- Talwara Jheel Talwara Jheel Talwara Jheel
- Coordinates: 29°31′06″N 74°35′27″E﻿ / ﻿29.51833°N 74.59083°E
- Country: India
- State: Rajasthan
- District: Hanumangarh district

Languages
- • Official: Hindi
- Time zone: UTC+5:30 (IST)

= Talwara Lake =

Seasonal lake in Rajasthan, India

Talwara Jheel at Tibbi (tehsil) is a small village and a seasonal lake that forms in a depression along the course of the Ghaggar-Hakra River in Hanumangarh district of Rajasthan state of India.
Talwara lake is claimed to be the only lake in the arid landscape of Hanumangarh district. The lake forms only for a few months every year during the annual flooding of the Ghaggar-Hakra river in the monsoon season. It is located between Ellenabad and Hanumangarh town, nearly 40 km downstream of the Ottu barrage and reservoir (in the Sirsa district of Haryana). This village population is nearly 15000 and a subtehsil of Hanumangarh district.

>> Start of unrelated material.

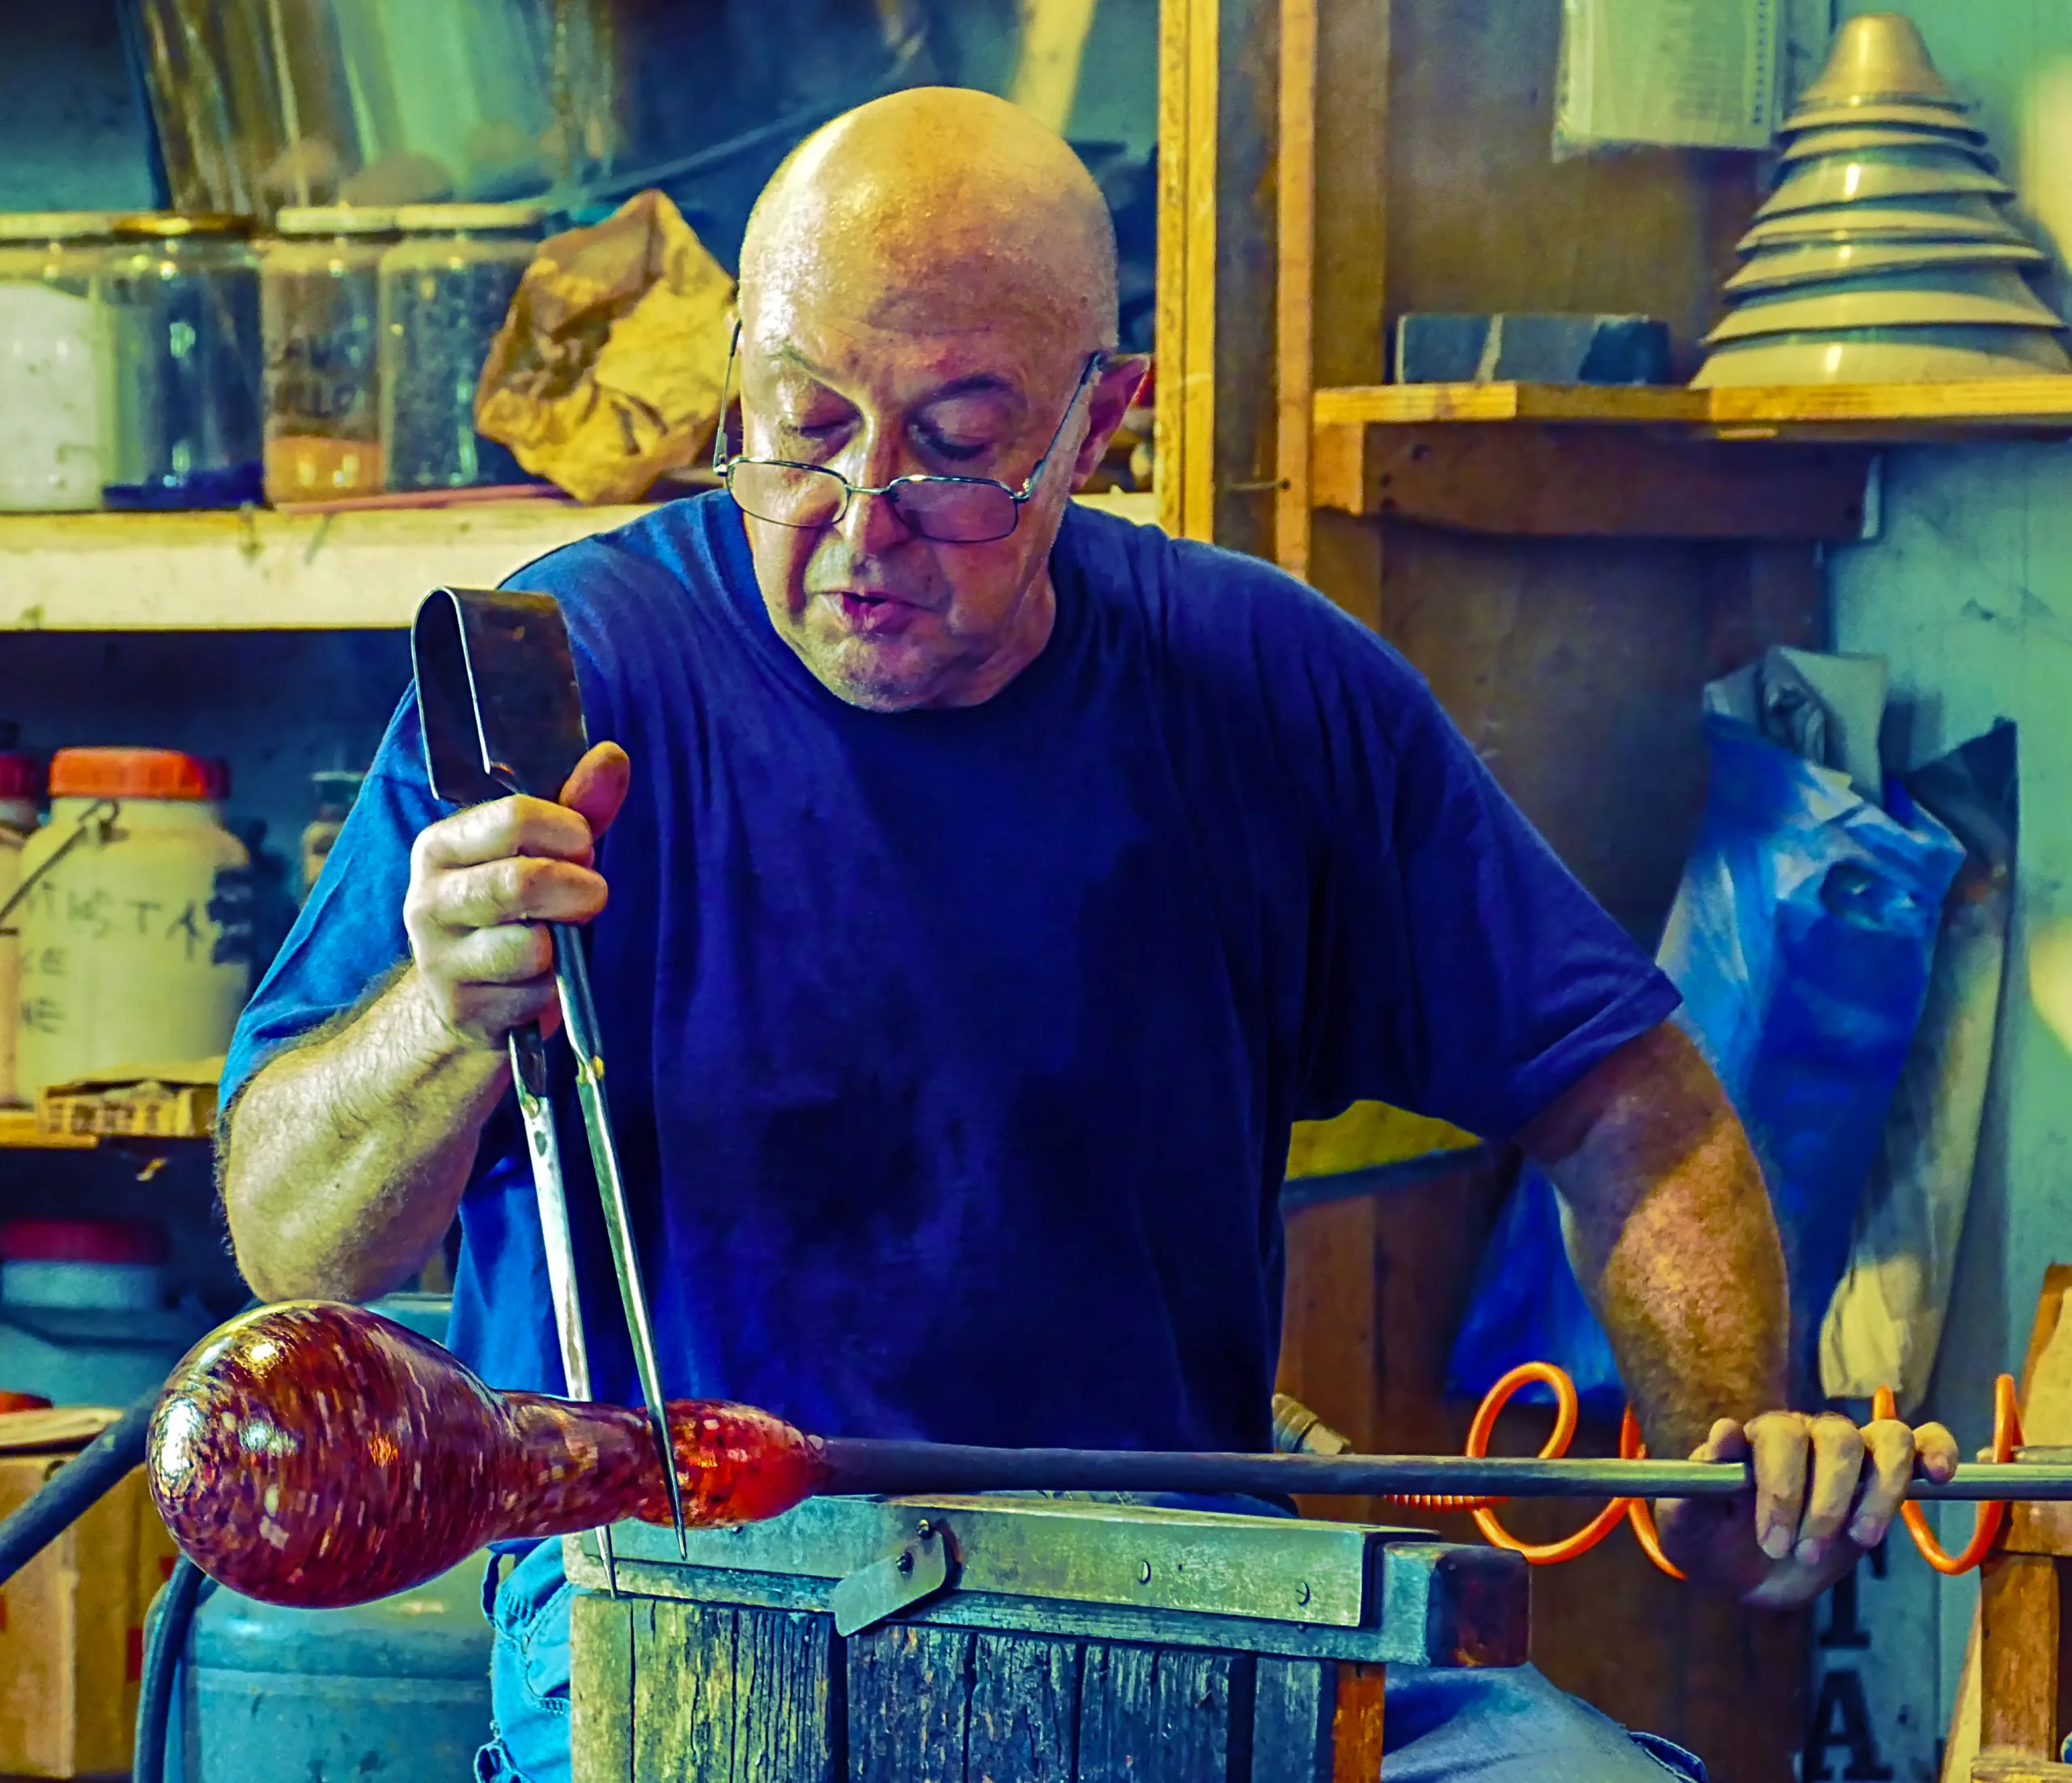 Blown glass being made in Murano

==Historical significance==
This place has been established by historians as the site of the First Battle of Tarain of 1191 and the Second Battle of Tarain of 1192 between Prithviraj Chauhan and Muhammad Ghori.

In his invasion of India in 1398-99 CE, Timur encamped at the banks of this lake after overpowering Bhatner fort in modern-day Hanumangarh.